How to run the pipeline

Prerequisites

  • Nextflow version 20.07.1 or later
  • Sufficient CPU and memory. Default is 8 threads and 60GB. Please modify nextflow.config file to fit your device.
  • Docker if using docker profile
  • Permissions to AWS S3 and Batch resources if using awsbacth profile

Using Docker

nextflow run Zymo-Research/aladdin-rnaseq \
	--profile docker \
	--genome 'Homo_sapiens[GRCh38]' \
	--protocol Zymo_RiboFree_PROTv1 \
	--design "<path to design CSV file>"
  1. The parameters --genome, and --protocol are required. Please refer to Usage Documentation for available options.
  2. The parameter --design is required. The design CSV file must have the following format.
group,sample,read_1,read_2
Control,Sample1,s3://mybucket/this_is_s1_R1.fastq.gz,s3://mybucket/this_is_s1_R2.fastq.gz
Control,Sample2,s3://mybucket/this_is_s2_R1.fastq.gz,s3://mybucket/this_is_s2_R2.fastq.gz
Experiment,Sample3,s3://mybucket/that_is_s3_R1.fastq.gz,
Experiment,Sample4,s3://mybucket/that_be_s4_R1.fastq.gz,

The header line must be present and cannot be changed. Sample labels and group names must contain only alphanumerical characters or underscores, and must start with a letter. Sample labels and group names also cannot start with "R1" or "R2", or include phrases that will be automatically filtered by MultiQC. A list of terms unsuitable for sample or group labels in this pipeline can be viewed in the MultiQC source code here. Full S3 paths of R1 and R2 FASTQ files should be provided. Mixing of paired-end and single-end data is allowed. If you do not wish to carry out comparisons of samples, i.e., DESeq2 and g:Profiler analysis, simply leave the Group column blank (but keep the comma).

Using AWS Batch

nextflow run Zymo-Research/aladdin-rnaseq \
	-profile awsbatch \
	--genome 'Homo_sapiens[GRCh38]' \
	--protocol Zymo_RiboFree_PROTv1 \
	--design "<path to design CSV file>" \
	-work-dir "<work dir on S3>" \
	--awsqueue "<SQS ARN>" \
	--outdir "<output dir on S3>" \
	--name "<study name>"
  1. The parameters --genome, and --protocol are required.

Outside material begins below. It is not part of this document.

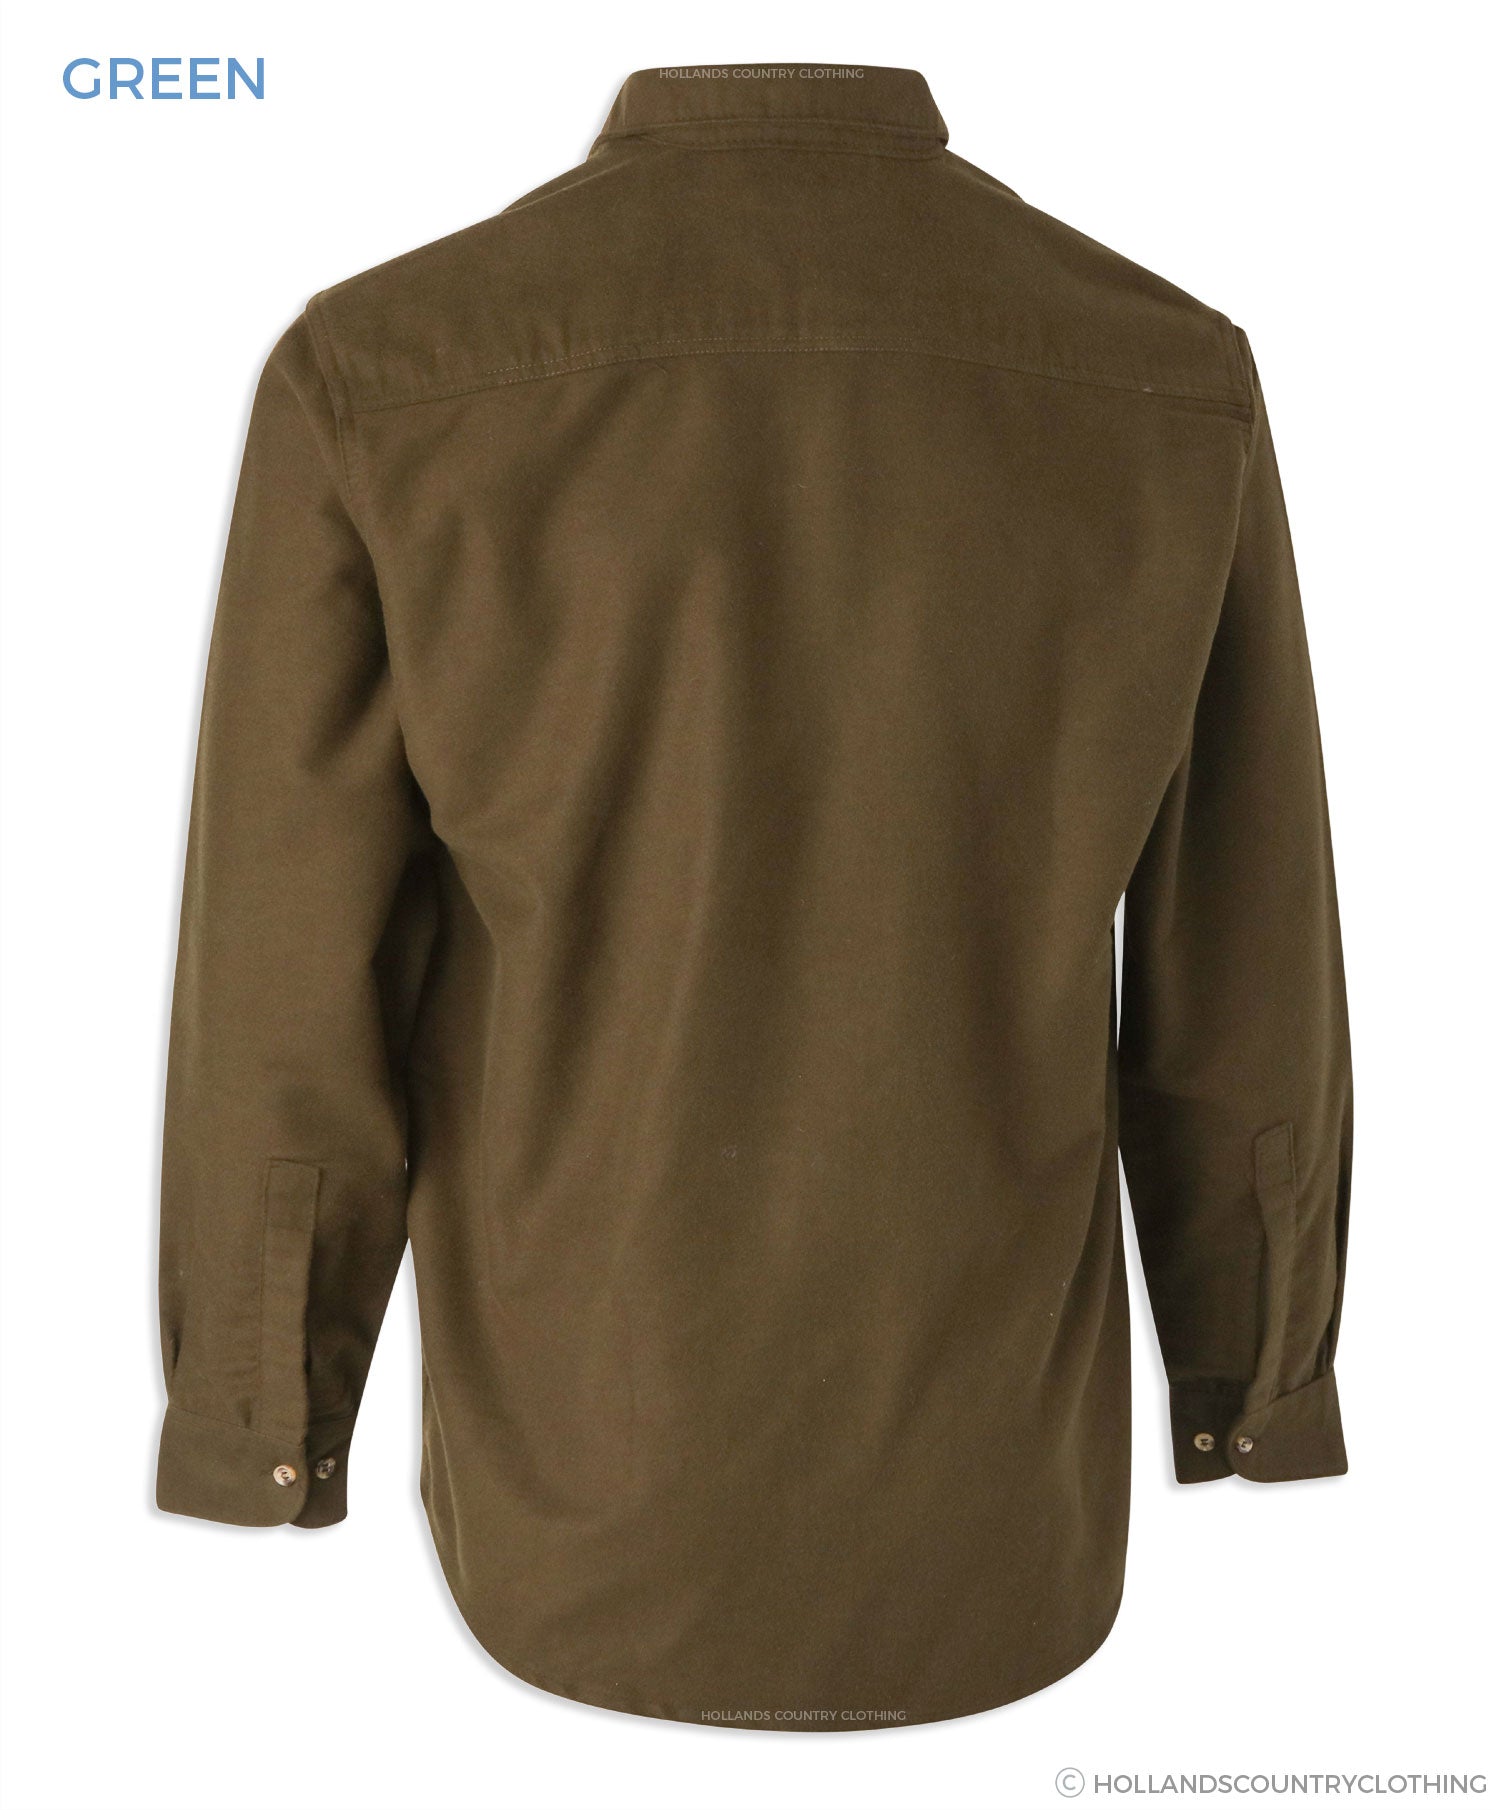 Back View superior quality Bronte Moleskin Country Shirt. Green

Please refer to Usage Documentation for available options.
  2. The parameter --design is required. See above for file format.
  3. The parameters --awsqueue, -work-dir, and --outdir are required when running on AWS Batch, the latter two must be directories on S3.
  4. The option --name will add a title to the report.

There are many other options built in the pipeline to customize your run and handle specific situations, please refer to the Usage Documentation.

Report and Documentation

Sample report

A sample report this pipeline produces can be found here.

Report documentation

A documentation explaining how to understand the report can be found here.

Materials and Methods

A Materials and Methods document is available to help you write your manuscript if you used this pipeline in your research.